Evaluating the Consistency of Cosmological Distances Using Supernova Siblings in the Near-Infrared

TL;DR

This paper analyzes the consistency of Type Ia supernova distances using near-infrared data from sibling supernovae in the same host galaxy, highlighting the potential for improved standard candles with upcoming space telescope data.

Contribution

First analysis of supernova siblings using only near-infrared data, assessing intrinsic scatter and measurement uncertainties in NIR supernova luminosities.

Findings

Median absolute difference in distance modulus (μ) between siblings is ~0.19 mag.

Simulations suggest an intrinsic scatter in NIR supernova luminosities at 99% confidence.

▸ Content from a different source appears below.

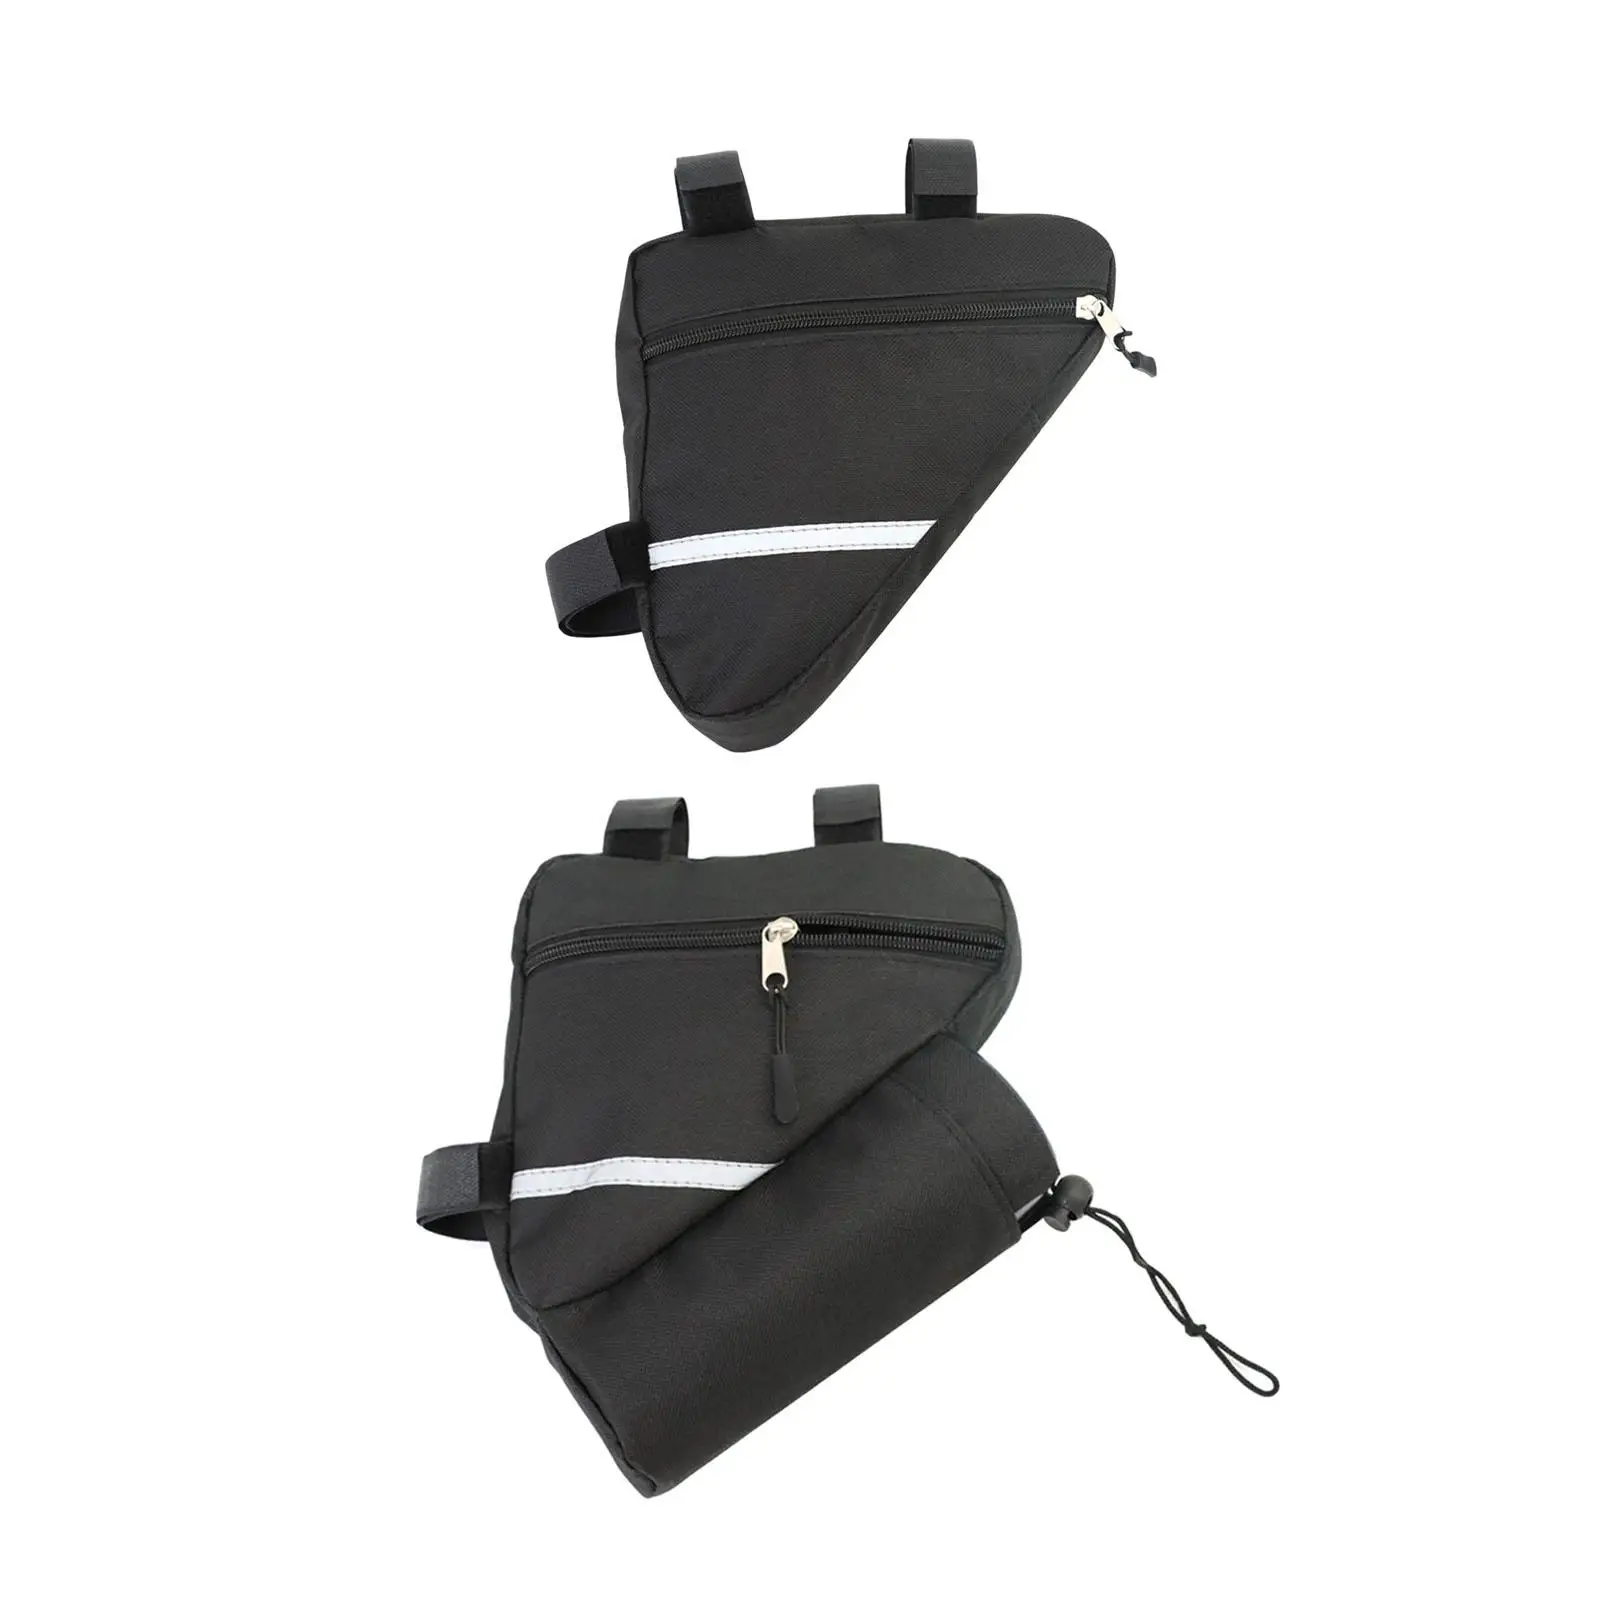 Bike Frame Bag Cycling Bicycle Pouch Accessories Saddle Bag Connects Frame Equipment Tube Pouch for Keys Outdoor Activities
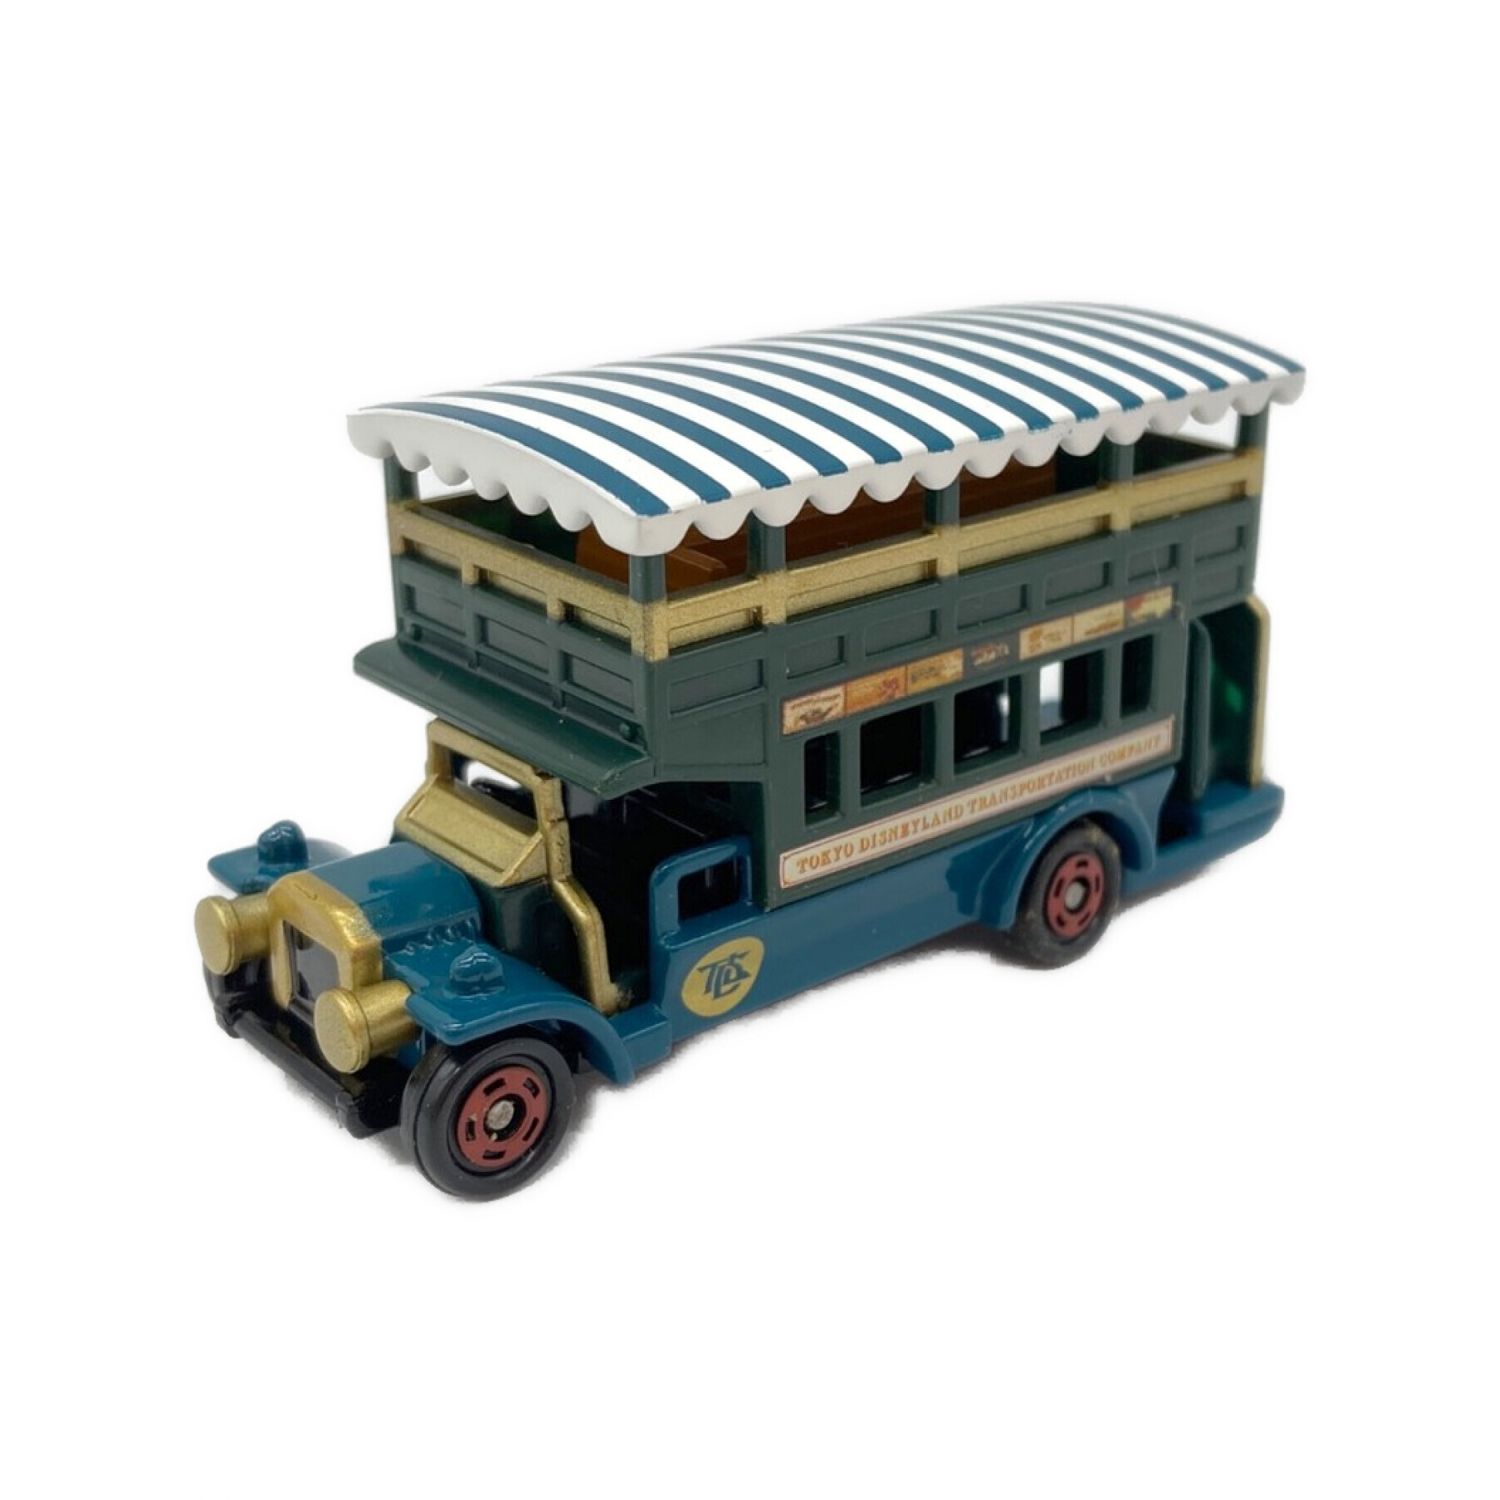 TOMY (トミー) トミカ Disney Vehicle Collection 1/102 オムニバス

NIR data quality and sample size limitations affect current consistency measurements.

Abstract

The study of supernova siblings, supernovae with the same host galaxy, is an important avenue for understanding and measuring the properties of Type Ia Supernova (SN Ia) light curves (LCs). Thus far, sibling analyses have mainly focused on optical LC data. Considering that LCs in the near-infrared (NIR) are expected to be better standard candles than those in the optical, we carry out the first analysis compiling SN siblings with only NIR data. We perform an extensive literature search of all SN siblings and find six sets of siblings with published NIR photometry. We calibrate each set of siblings ensuring they are on homogeneous photometric systems, fit the LCs with the SALT3-NIR and SNooPy models, and find median absolute differences in $\mu$ values between siblings of 0.248 mag and 0.186 mag, respectively. To evaluate the significance of these differences beyond measurement noise, we run simulations that mimic these LCs and provide an estimate for uncertainty on these median absolute differences of $\sim$0.052 mag, and we find that our analysis supports the existence of intrinsic scatter in the NIR at the 99% level. When comparing the same sets of SN siblings, we observe a median absolute difference in $\mu$ values between siblings of 0.177 mag when using optical data alone as compared to 0.186 mag when using NIR data alone. We attribute this to either limited statistics, poor quality NIR data, or poor reduction of the NIR data; all of which will be improved with the Nancy Grace Roman Space Telescope.